13 September 2011
In July 2011 the learning report from the Health Foundation project ‘Making care safer – Improving medication safety for people in care homes: thoughts and experiences from carers and relatives’ was published.
The issues and possible solutions identified are presented in the report under four main themes:
- Communication and information sharing
- Prescribing and administration of medication
- Staff development and support
- Advocacy and rights.
The issues below were relevant to all themes and were mentioned consistently:
- Build strong trusting relationships as these are fundamental to how well care is delivered
- Take time to communicate, update records, and share information
- Ensure regular and formal reviews of care plans and medication
- Prioritise safety by protecting the drugs round, improving systems and attention to detail
- Identify, capture and develop good practice and help disseminate this to staff
- Make use of relevant health professionals to ensure medication practices are safe
- Clarify roles and responsibilities to ensure smoother communication and safer care
- Consider medication as part of a holistic approach to care to ensure that decisions are always made in the interests of the resident and their voice is heard.

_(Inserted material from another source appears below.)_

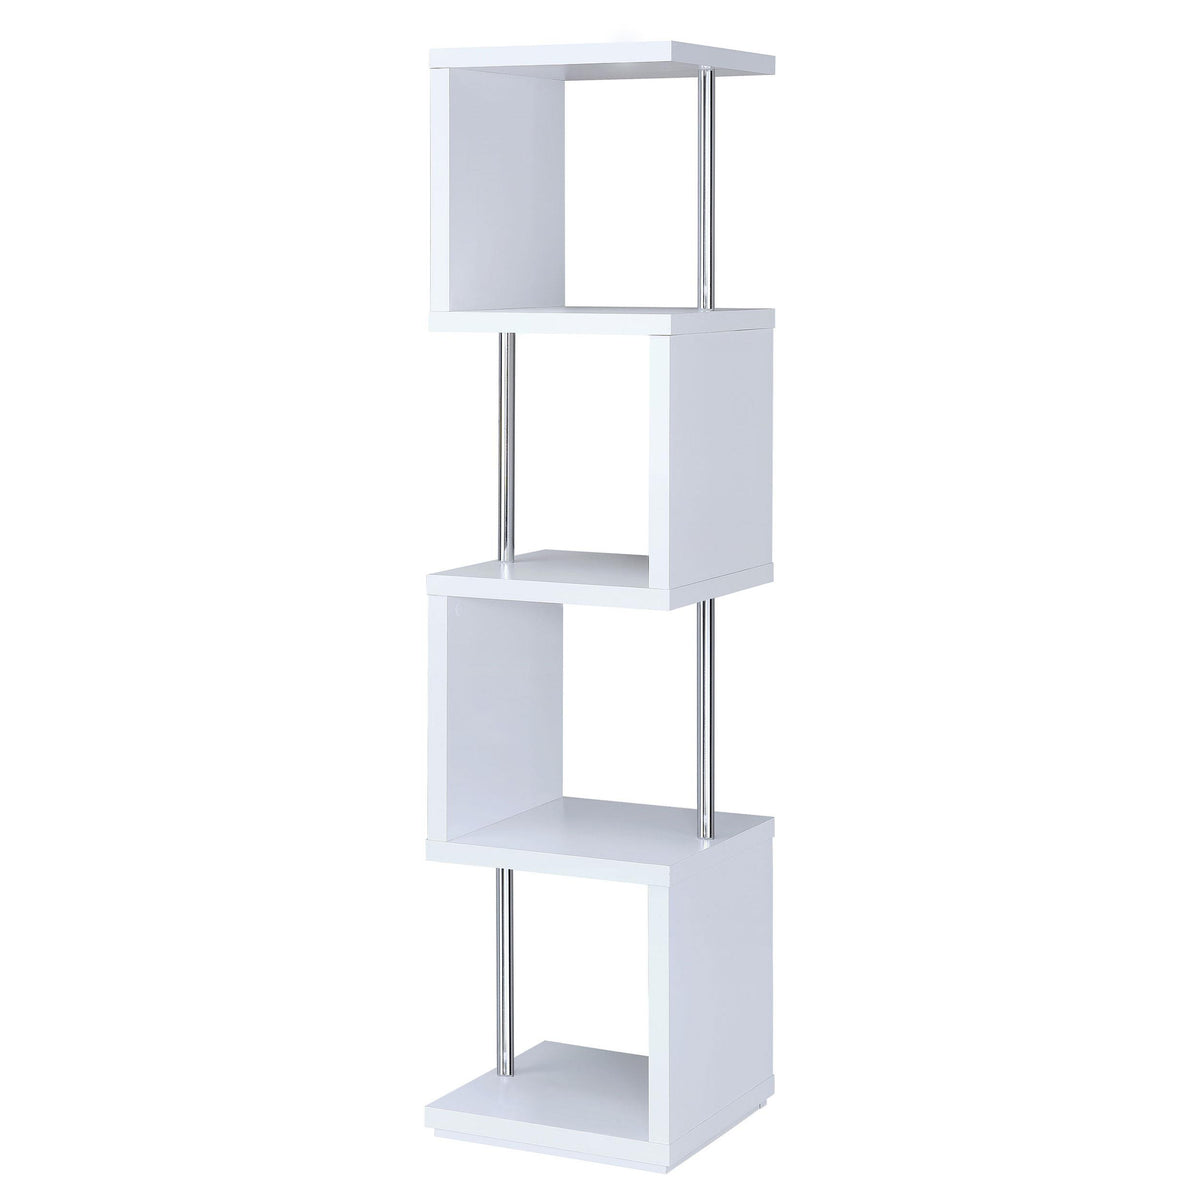 Baxter 4-shelf Bookcase White and Chrome Baxter 4-shelf Bookcase White and Chrome Half Price Furniture
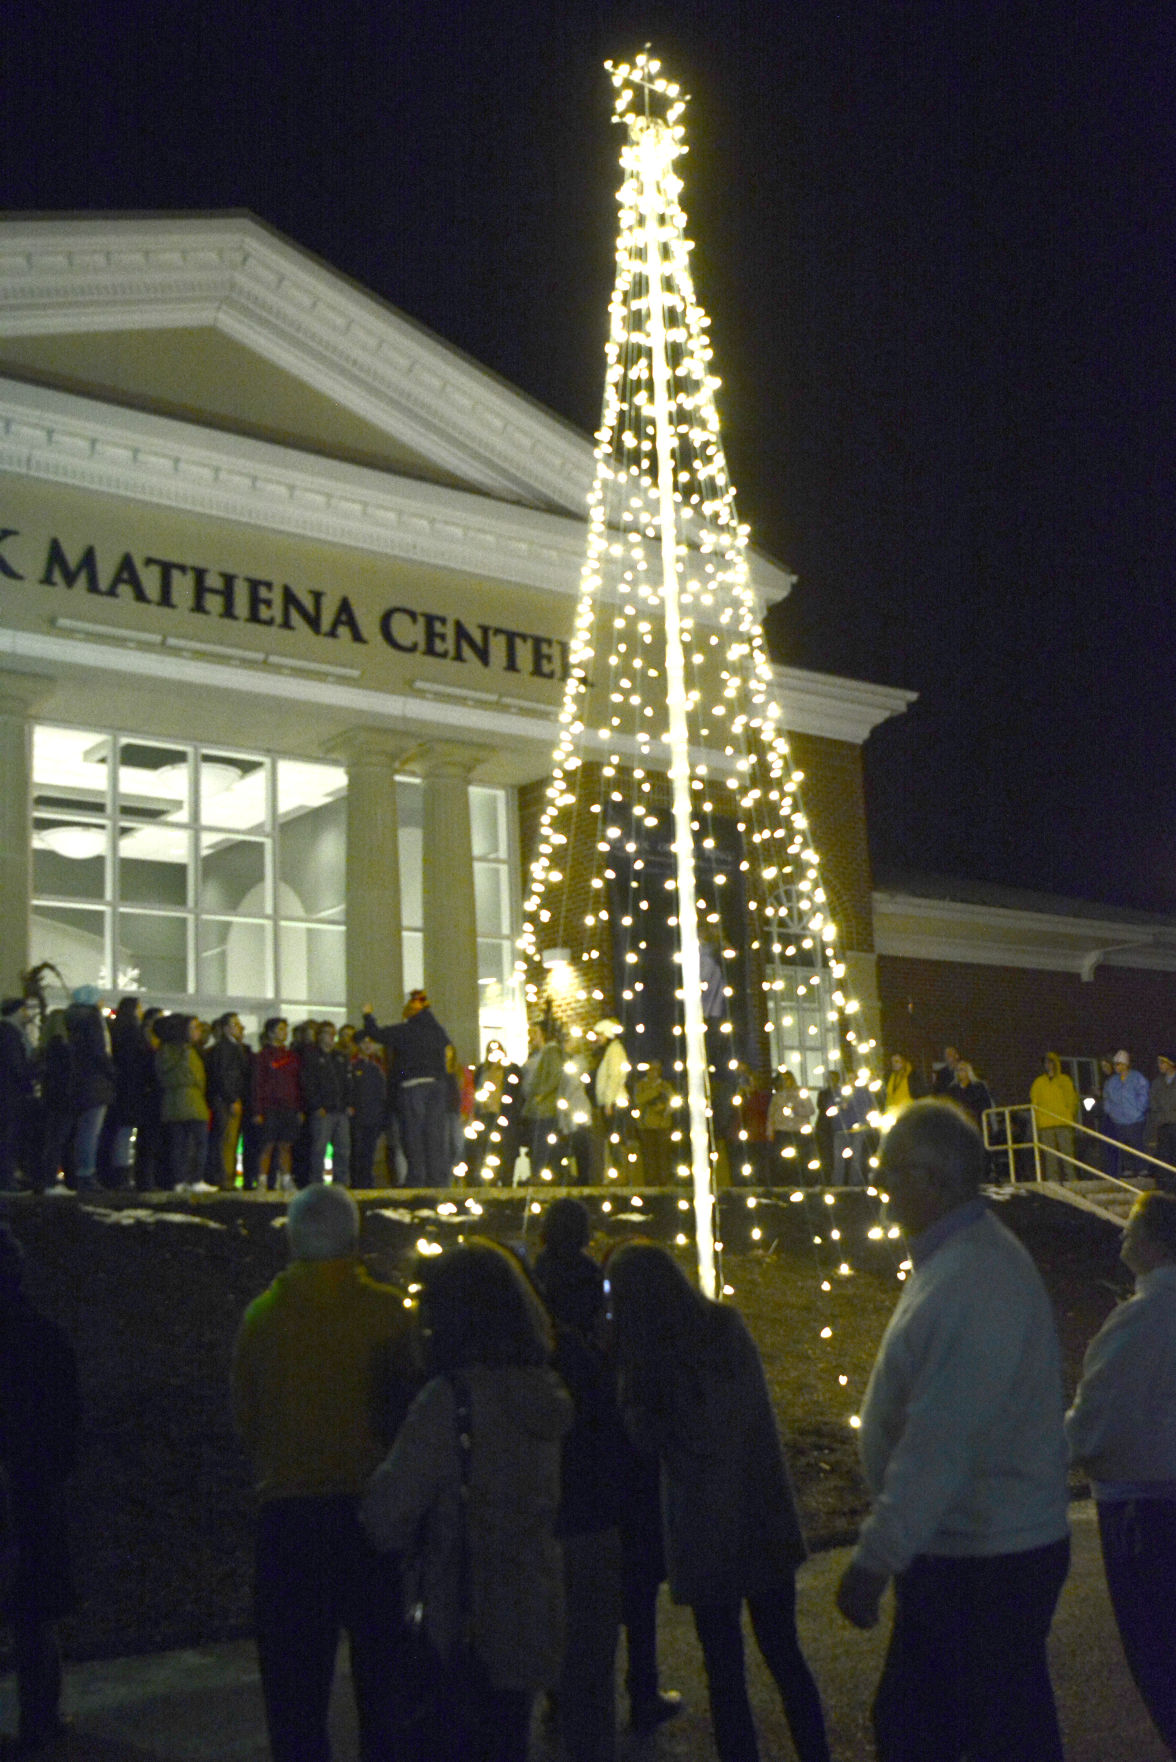 Second annual Christmas tree lighting illuminates night sky in

The initial project is now being taken forward in an integrated programme led by the National Care Forum, and funded by the Department of Health, working as part of a wider cross-sector partnership with influential organisations in this area of care. The next phase of the programme aims to deliver an improvement project over nine months.
Residents in care homes are a group vulnerable to medication errors, in addition to interactions and side effects from their medicines. Action plans to assess, and where appropriate, improve medication safety for people in care homes should be seen as a high priority for medicines managers in localities.
In October 2009, the CHUMS study, funded by the Department of Health, found unacceptable levels of errors in the medications received by care home residents, affecting some of the most vulnerable members of society (average age 85 years). It found that seven out of ten residents experienced at least one medication error. The prevalence of prescribing errors was 8.3% with the most common error being ‘incomplete information’ (38%). The prevalence of medication administration errors was 8.4% with nearly half of them being ‘omissions’. The prevalence of dispensing errors was 9.8%; and for monitoring errors for medicines that required monitoring, 14.7%.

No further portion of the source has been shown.